Benzene, C15-16-alkyl derivs.

Administrative data

Endpoint:

in vivo mammalian somatic cell study: cytogenicity / bone marrow chromosome aberration

Remarks:

Type of genotoxicity: chromosome aberration

Type of information:

migrated information: read-across based on grouping of substances (category approach)

Adequacy of study:

key study

Reliability:

2 (reliable with restrictions)

Rationale for reliability incl. deficiencies:

other: GLP study reported in peer-reviewed journal article.

Data source

Materials and methods

GLP compliance:

yes

Type of assay:

mammalian germ cell cytogenetic assay

Test material

Test animals

Species:

rat

Strain:

Sprague-Dawley

Sex:

male/female

Administration / exposure

Route of administration:

oral: gavage

Vehicle:

corn oil

Frequency of treatment:

Single treatment

Post exposure period:

animals were sacrificed at 6, 12, 24, and 48 hrs after exposure (6 animals at each sacrifice)

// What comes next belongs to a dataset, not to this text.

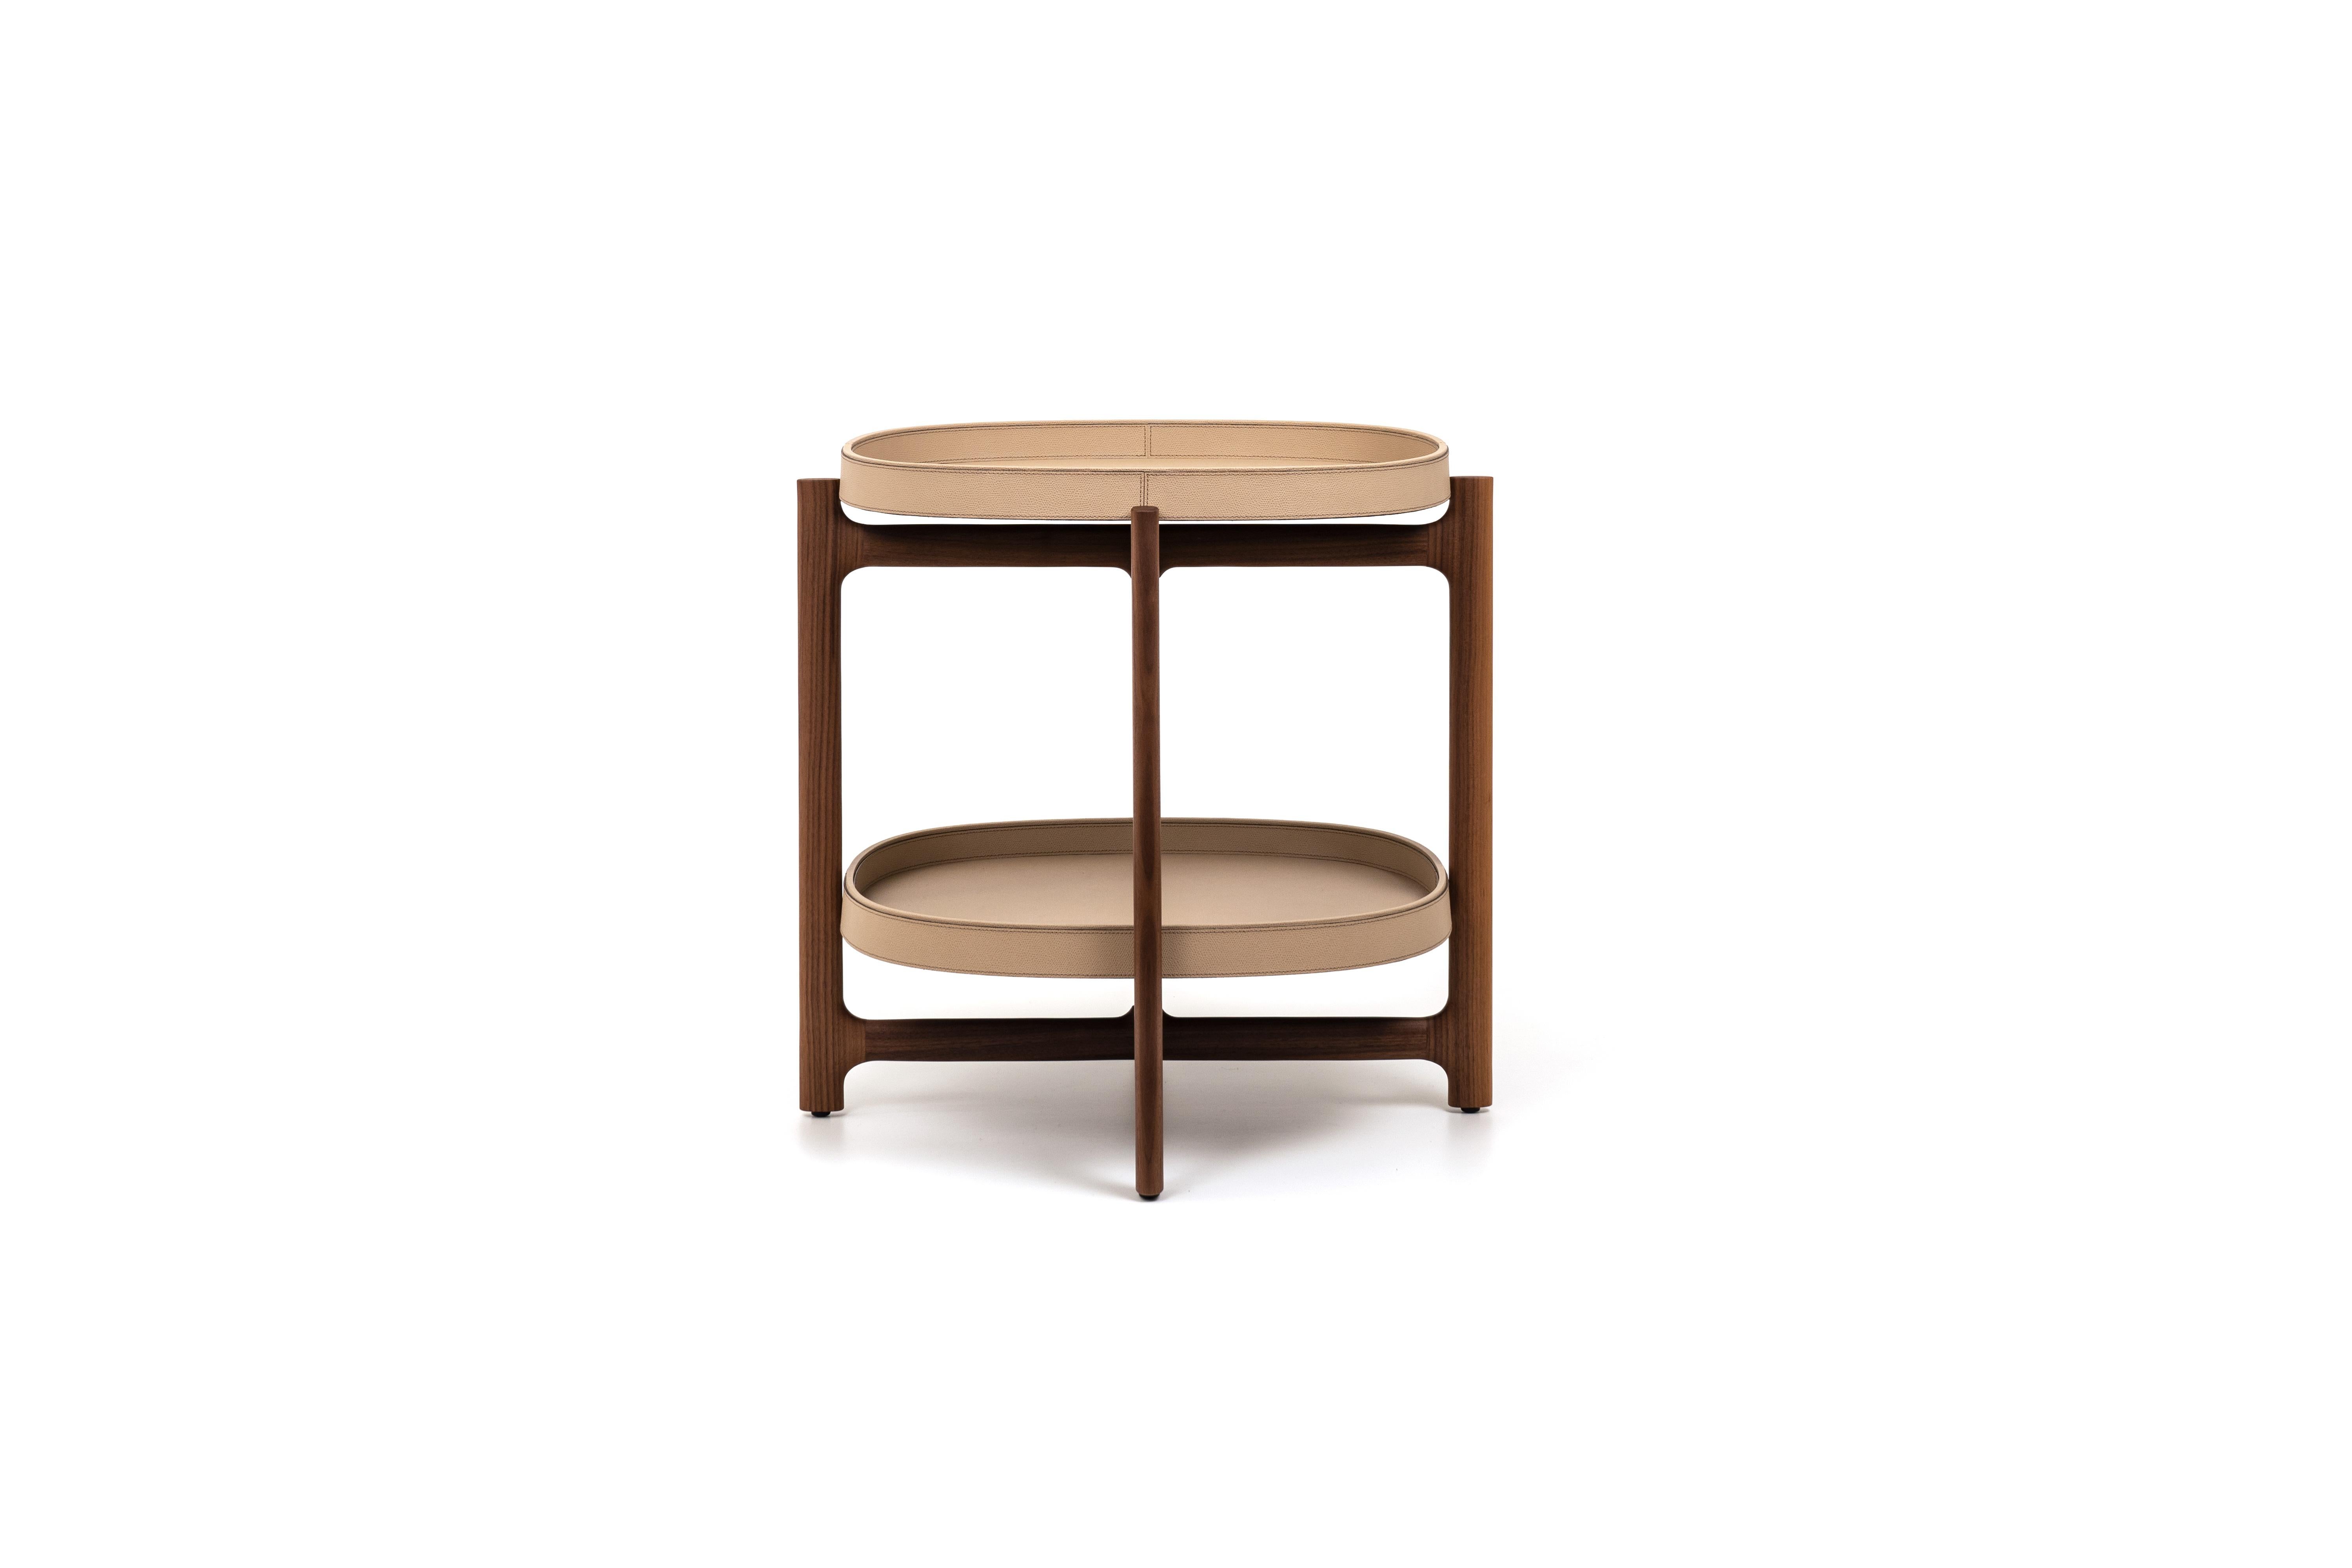 Cette ligne de tables d'appoint est l'une des dernières collections de Pinetti. Les tables pliantes Chelsea sont fabriquées en bois de noyer et comportent 2 plateaux amovibles, en cuir italien exquis.  

Grâce à ses plateaux amovibles, qui peuvent

No. of animals per sex per dose:

18-24 male and female rats, negative control consisted of 24 male and 24 females

Control animals:

yes, concurrent vehicle

Positive control(s):

6 males and 6 females were given 40 mg/kg of cyclophosphamide and sacrificed at 24 hrs.

Examinations

Tissues and cell types examined:

bone marrow cells (60 cells per animal)

Details of tissue and slide preparation:

2 mg/kg colchicine was administered 2 hrs before termination. Immediately after termination, cells were collected and processed for slide preparation.

Statistics:

Kruskal-Wallis nonparametric analysis of variance

Results and discussion

Additional information on results:

No effect on mitotic index or P/N ratio. Significant mean body weight loss in animals treated with 12,700 mg/kg bw. Significant weight loss was also seen in males at the 6000 mg/kg dose level.

Any other information on results incl. tables

Results of in vivo bone marrow assay

Concentration	Chromatid gaps	Chromosome gaps	Chromatid breaks	Chromosome breaks	Exchanges	% Aberrant cells
6-hrs
Corn oil	0	0	0	0	0	0
2,000 mg/kg	0	0	0	0	0	0
6,000 mg/kg	0	0	0	0	0	0
12,700 mg/kg	0	0	0	0	0	0
12 hrs
Corn oil	2	1	0	0	0	0.17
2,000 mg/kg	2	0	2	0	0	0.35
6,000 mg/kg	0	0	0	0	0	0
12,700 mg/kg	2	0	5	0	0	1.00
24 hrs
Corn oil	1	0	0	0	0	0
2,000 mg/kg	0	0	1	0	0	0.16
6,000 mg/kg	2	0	1	0	0	0.18
12,700 mg/kg	0	0	2	0	1	0.49
CP 40 mg/kg	6	1	68	3	9	14.80

Applicant's summary and conclusion

Conclusions:

Interpretation of results (migrated information): negative
Alkylate 215 is not genotoxic in the rat bone marrow chromosome aberration assay.

Executive summary:

In cases where no data were available on the target substance, Benzene, C15 -16 -alkyl derivs., data were read across from a structurally related material (the test substance).

This study examined the potential of the test substance to cause chromosome aberrations in vivo. Groups of 18 -24 male and female rats were given doses of 2000, 6000, or 12,700 mg/kg of test substance. Negative control animals were given corn oil (vehicle) only. Positive control animals were given 40 mg/kg cyclophosphamide. Animals were sacrificed at 6, 12, 24, and 48 hrs after exposure. The bone marrow cells were then removed and examined for chromosome aberrations. The test substance was toxic (reduced body weight) at the 12,700 mg/kg dose in both males and females. Males in the 6000 mg/kg dose level also showed weight loss. No significant increase in chromosomal aberrations was seen in any treatment group. The test substance is not clastogenic.